Multireader study and statistical analysis

CT scans from 19 subjects (12 diseased, 7 healthy) were considered for this single-blinded study. Three board-certified radiologists and an in-training radiologist, respectively with 15 (D.P.), 11 (A.S.), 10 (F.M.), and 5 (D.S.) years of experience in chest radiology, participated in the study. Using the full-view images, D.P. selected a representative slice per subject and marked the ground truth lung nodule segmentation (\(1.11 \left[0.91, 1.31\right] {\text{cm}}\) diameter given as mean with 95% confidence interval) for the diseased subjects. All nodules were confirmed metastases by biopsy, patient history, and follow-up procedures. The sparse-view images reconstructed from 16, 32, 64, 128, and 256 views and postprocessed by the U-Net were presented to the other three radiologists, resulting in a total of 190 evaluated images per reader.

Full-view and all sparse-view images of an exemplary slice are shown in Fig. 2. Slices reconstructed and postprocessed using 512 views were excluded from the study as D.P. determined that even without any postprocessing, they are of comparable quality to the full-view images.

Fig. 2
figure 2

An example computed tomography (CT) image reconstructed with full-view and sparse-view projections, with and without postprocessing by the dual-frame U-Net. The image on the left demonstrates the ground truth full-view image without postprocessing. The top row shows the CT image reconstructed with different sparse-view projections without postprocessing. The bottom row depicts the respective sparse-view images postprocessed by the U-Net model for each projection view. The region of interest (blue box) shows the metastasis (highlighted by the yellow arrow). All images are clipped to the lung window and include an iodined contrast medium. Scale bar in the full-view image = 5 cm

Readers were asked to independently annotate each slice using our in-house tool by rating every image on quality, the confidence of diagnosis, and the severity of artifacts present in the image according to pre-defined labels in Tables 2 and 3. Furthermore, the radiologists were asked to independently segment perceived suspect pulmonary nodules. Sensitivity, specificity, F1 score, and the negative predictive value, were considered to compare the diagnostic reliability of images for different views [24]. For all true positive cases, the segmentation overlaps were calculated with the Dice similarity coefficient (DSC) [25, 26]. In case of no overlap, or if one of the segmentations was empty, the resulting DSC was zero.
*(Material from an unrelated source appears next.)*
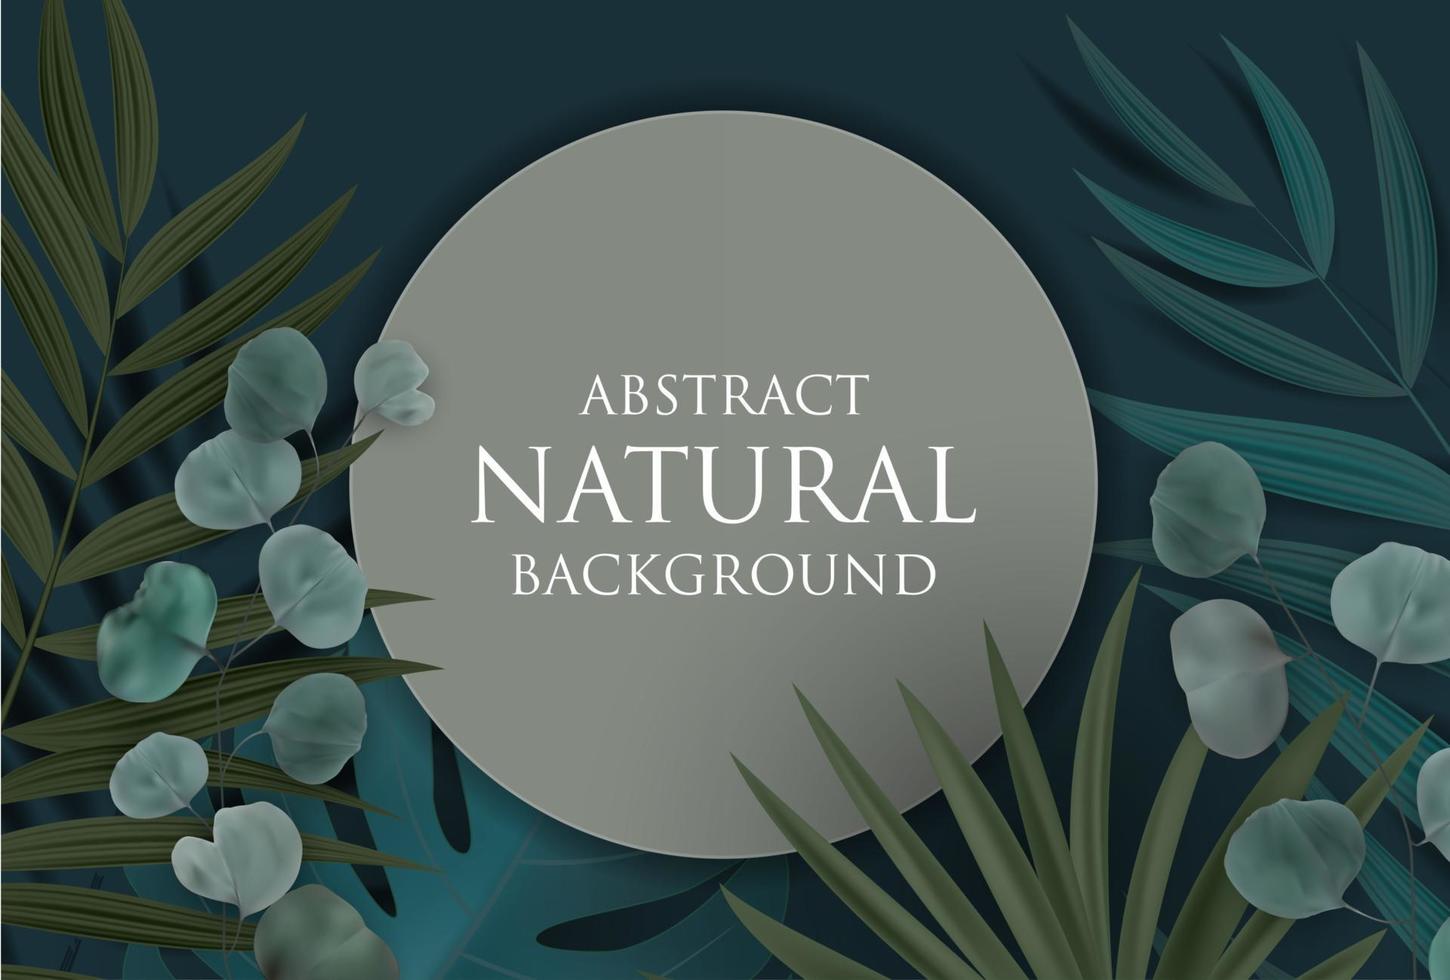 abstrakt naturlig bakgrund med tropisk palm, eukalyptus, monstera blad och ram. vektor illustration

Table 2 Score system for image quality and diagnostic confidence
Table 3 Score system for image artifacts

The superiority of the postprocessed labeled data over the sparse-view labeled data for each view was assessed: p-values were calculated with the clustered Wilcoxon signed-rank test utilizing Python’s SciPy library (version 1.4.1), and a significance threshold of 0.05 was set [27, 28]. The sample size for the reader study was n = 57 after pooling the results from the three readers, with each having annotated 19 CT images.


The following results show the model’s performance on 3,148 images from eight diseased subjects and 9,481 images from the Luna16 dataset. Furthermore, results of the reader study on 19 CT-wise images from 12 diseased and seven healthy subjects are described.

Network performance

Figure 2 shows an example slice with varying levels of subsampling alongside the corresponding U-Net postprocessed results. It can be observed that fewer projection views result in more artifacts. The sparse-view images from extremely limited views also lead to a loss of structural integrity in their postprocessed counterparts. This was especially prominent for 16 views, as metastatic lung nodule distortion and microvascular structures generate diminished performance capabilities. Metastatic nodule composition and primary anatomical characteristics can better be amassed once reconstruction views have increased to 32. For 64 views, streak artifacts did not impact the nodule’s visibility due to tissue density, but minimalistic structural identification, such as small vessels, are not clearly portrayed. Minor features were displayed for 128 and 256 views; however, for 128 views, some streak artifacts remained present. For the postprocessed image of 32 views, the nodule shape was mostly correct, and the display of the vascular structures was improved. For 64 or more views, the nodule appearance in the postprocessed image was similar to the full-view image. Furthermore, vascular distinction on imaging can be detected with the postprocessed 128-view image. The postprocessed image from 256 views is very close in quality to the full-view image. For 512 views, no qualitative differences can be detected.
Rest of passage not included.